Discount and Online Brokers
Worry About Investor Suits
By REBECCA BUCKMAN
Staff Reporter of THE WALL STREET JOURNAL

Do online brokerage firms have a duty to stop their customers from trading themselves into financial ruin?

It might seem unlikely, since companies such as Charles Schwab, Ameritrade Holding and National Discount Brokers Group cater to do-it-yourself online investors who generally don't seek advice from an individual broker. But officials at some of those firms now worry they could get hit with a new wave of arbitration complaints from customers -- including newer, less experienced investors captivated by the online-trading trend -- who have racked up big losses.

At least one such complaint already has been filed, by a 27-year-old Indianapolis graduate student who says he lost more than $40,000 in savings for medical-school tuition by trading Internet stocks in a margin account this summer. And the more general issue came up this fall at two meetings of a new association of discount-brokerage firms, says Michael Anderson, an Ameritrade official who co-chairs the group.

The group, now a committee of the Securities Industry Association, wants securities regulators to clarify whether discount and online firms can be held liable in what are known as "suitability" complaints, normally brought against stockbrokers who allegedly recommend inappropriate investments.

Join the Discussion: What have your experiences with on-line trading been like? How did you decide which on-line broker to use? What would you do differently?

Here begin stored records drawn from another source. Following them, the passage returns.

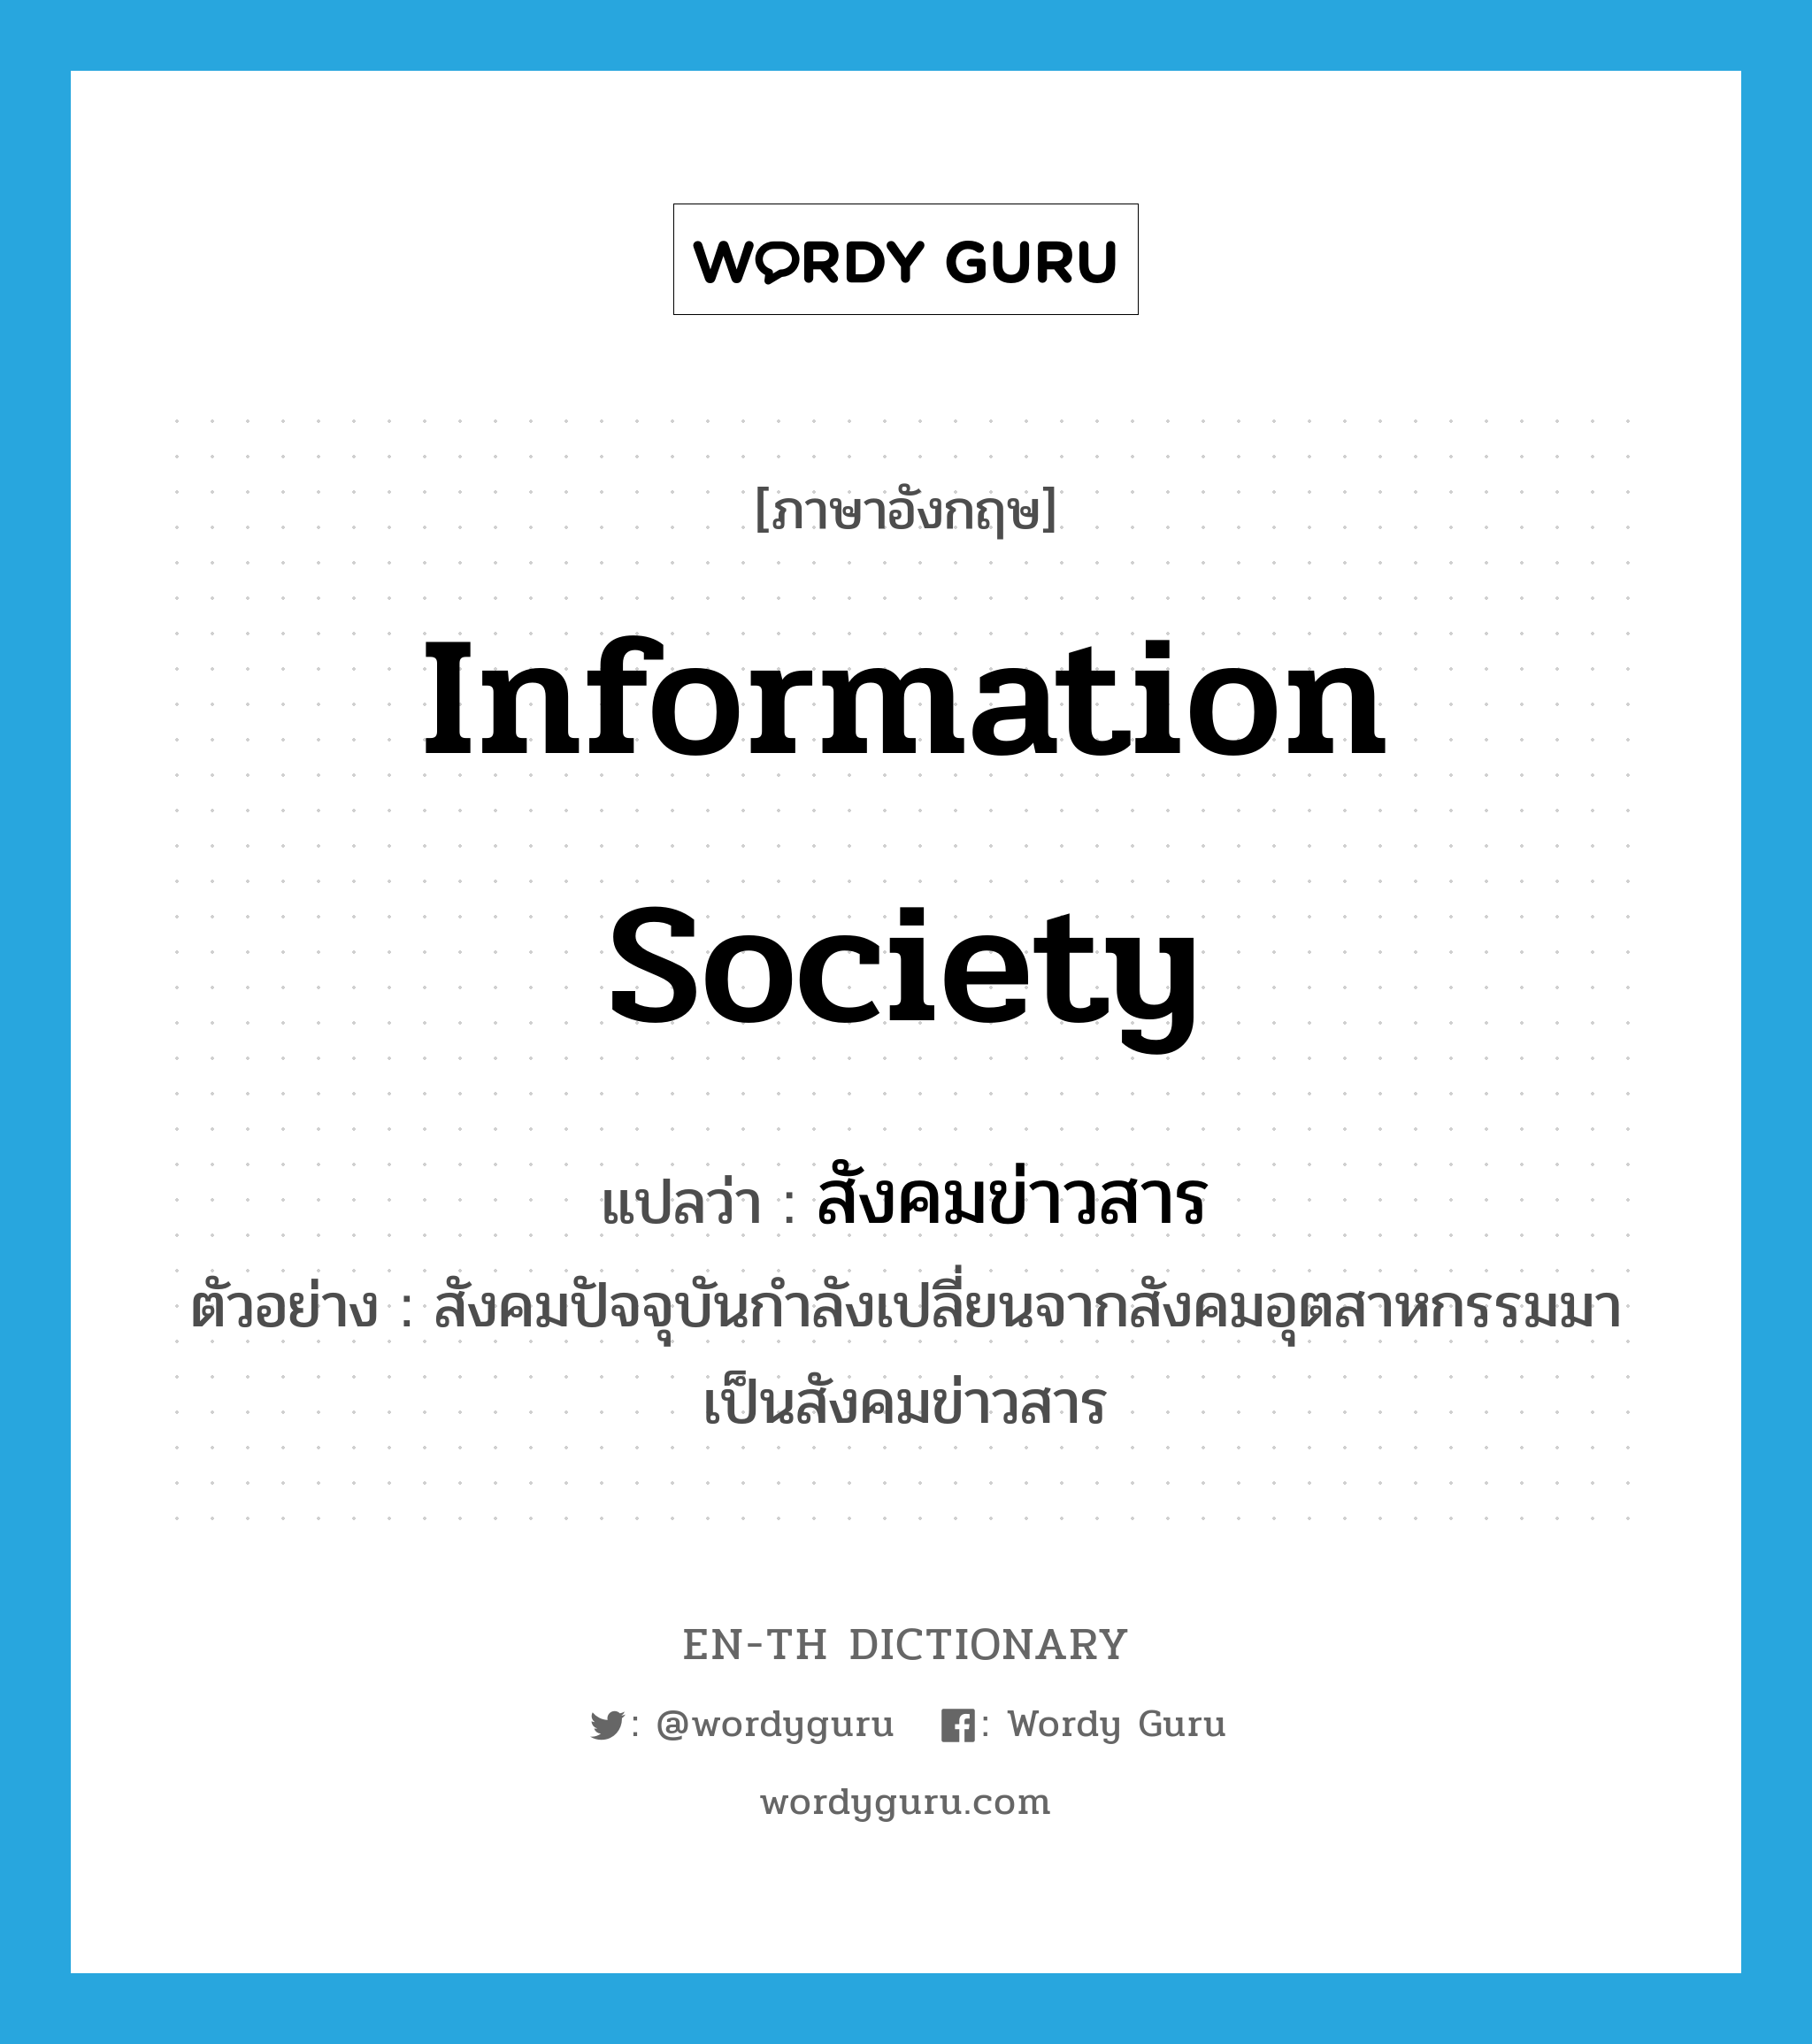 information society แปลว่า?, คำศัพท์ภาษาอังกฤษ information society แปลว่า สังคมข่าวสาร ประเภท N ตัวอย่าง สังคมปัจจุบันกำลังเปลี่ยนจากสังคมอุตสาหกรรมมาเป็นสังคมข่าวสาร หมวด N
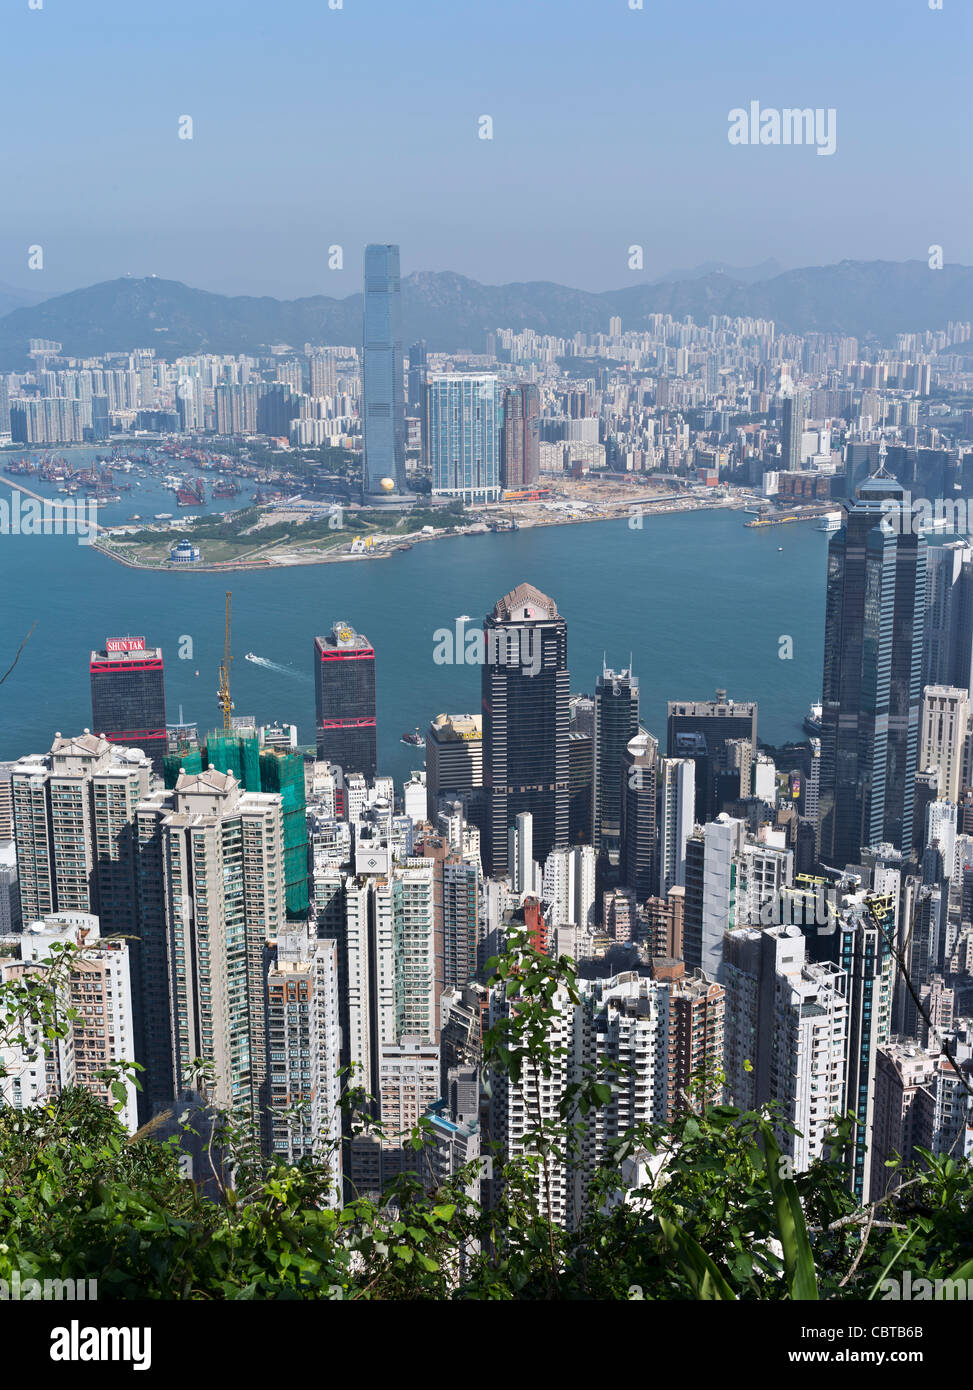 Dh Victoria Peak Blick SHEUNG WAN HONG KONG Wolkenkratzer wohnungen Hafen und West Kowloon Gebäude Stadt Gebäude tower Blocks Stockfoto
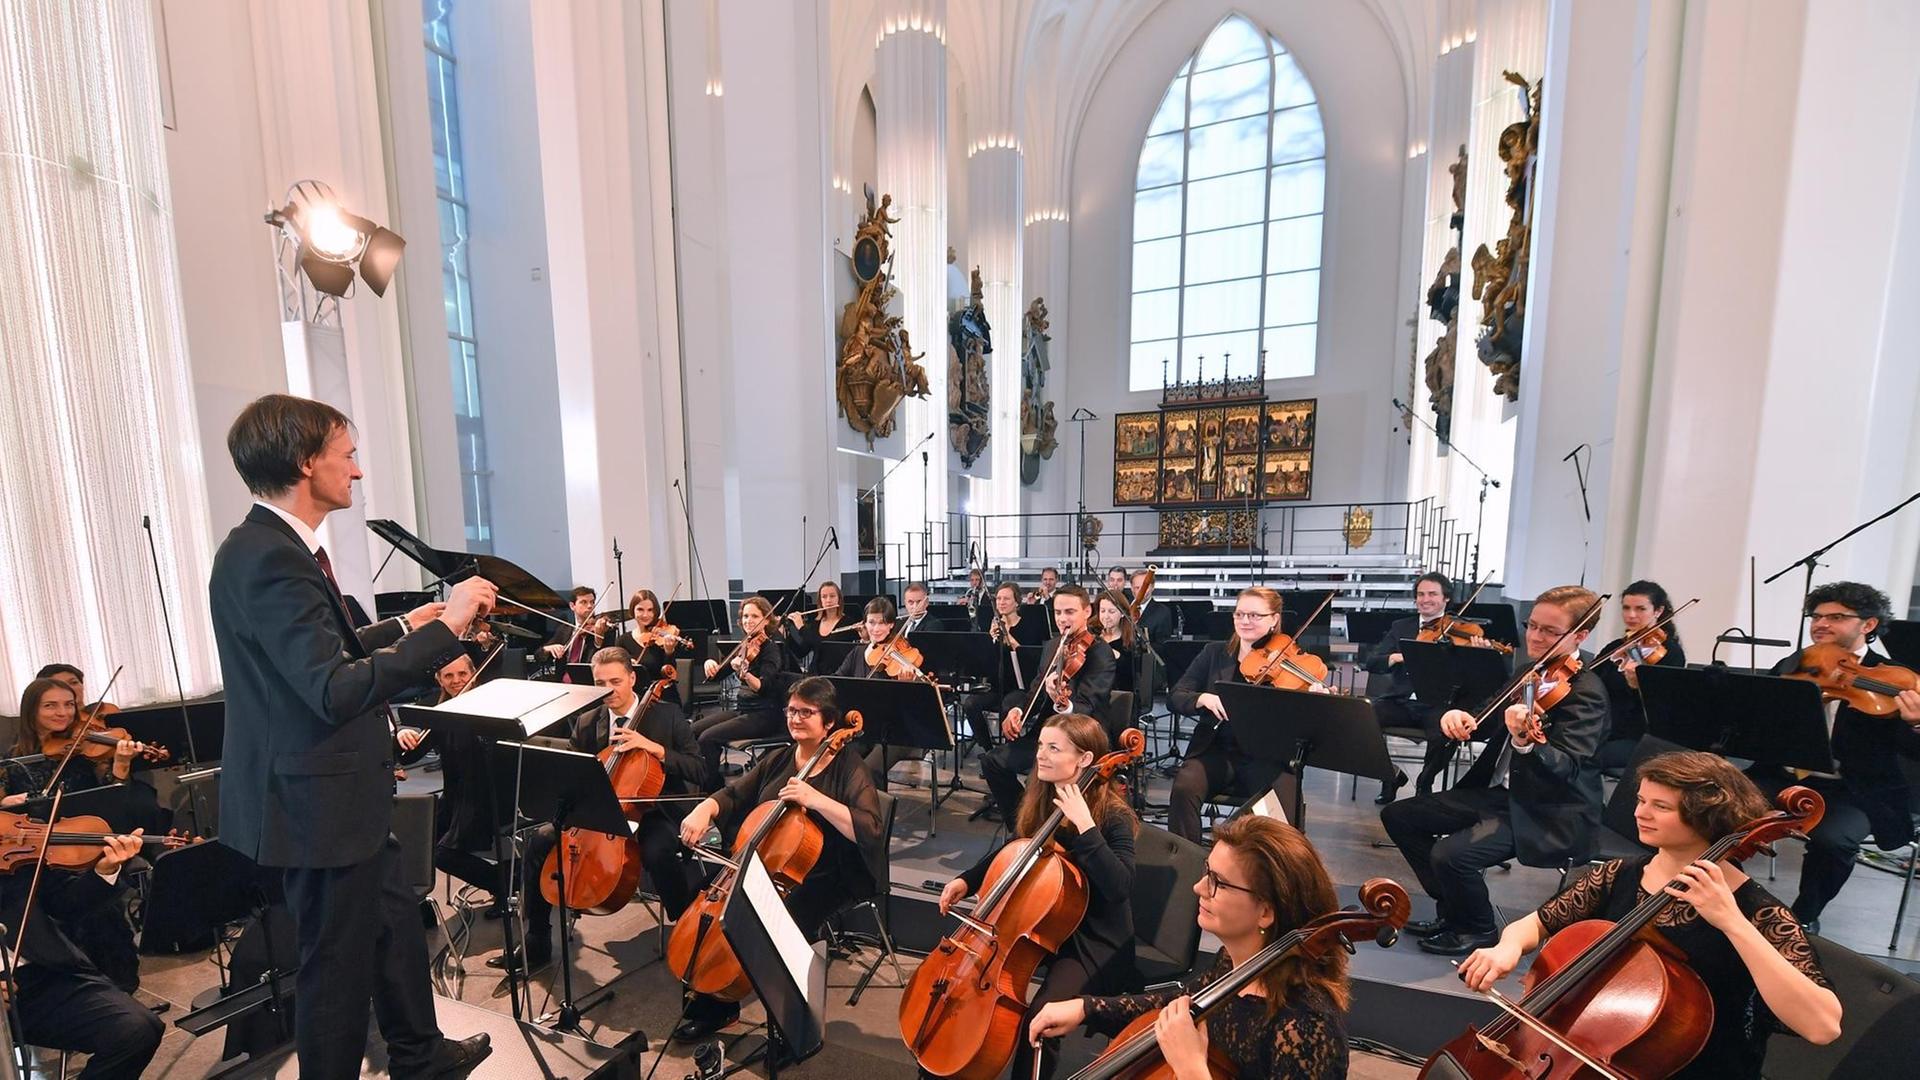 Das Orchester der Universität Leipzig spielt unter der Leitung von Universitätsmusikdirektor David Timm am 01.12.2017 auf dem Festakt zur Einweihung des Paulinums der Universität in Leipzig.

At discount firms, Ameritrade's Mr. Anderson says, "there is no broker assigned to the account. But once in a while, we'll be faced with an arbitration from somebody who says, 'Hey, you should have stopped me from selling myself into a hole.' " His response? "What do you mean, we should have stopped you? It was a self-managed account."

Ameritrade's non-Internet discount division hasn't lost such a case, he adds. But, he notes, "there's a concern of mine that we're going to continue to see more" complaints, particularly as Ameritrade's main Internet unit adds tens of thousands of new customers a quarter.

Last week, the Indianapolis graduate student, Lael Desmond, lodged such an arbitration complaint against Ameritrade, of Omaha, Neb. The student opened his brokerage account last year when he was working for his father's chemical business. He was preparing to take graduate biology courses at Indiana University at Indianapolis and says he wanted to make extra money for medical school.

Now, Mr. Desmond charges that Ameritrade didn't deal fairly with him and "breached its suitability obligation" by allowing him, as a novice investor, to keep buying risky Internet stocks in a margin account that quickly lost value in August's stock-market correction, according to his arbitration complaint, filed Friday with the National Association of Securities Dealers.

In margin accounts, investors borrow cash against the value of securities in their portfolio, usually to buy more stock. If the stock declines in value, losses can be magnified, requiring the investors to put up more cash in what's known as a margin call.

The crux of Mr. Desmond's complaint is that Ameritrade didn't give him enough time to put up cash to satisfy his margin calls before selling his stocks. He adds that he thought a margin loan "was much like a bank loan. ... I never dreamt I had any possibility of losing all my money."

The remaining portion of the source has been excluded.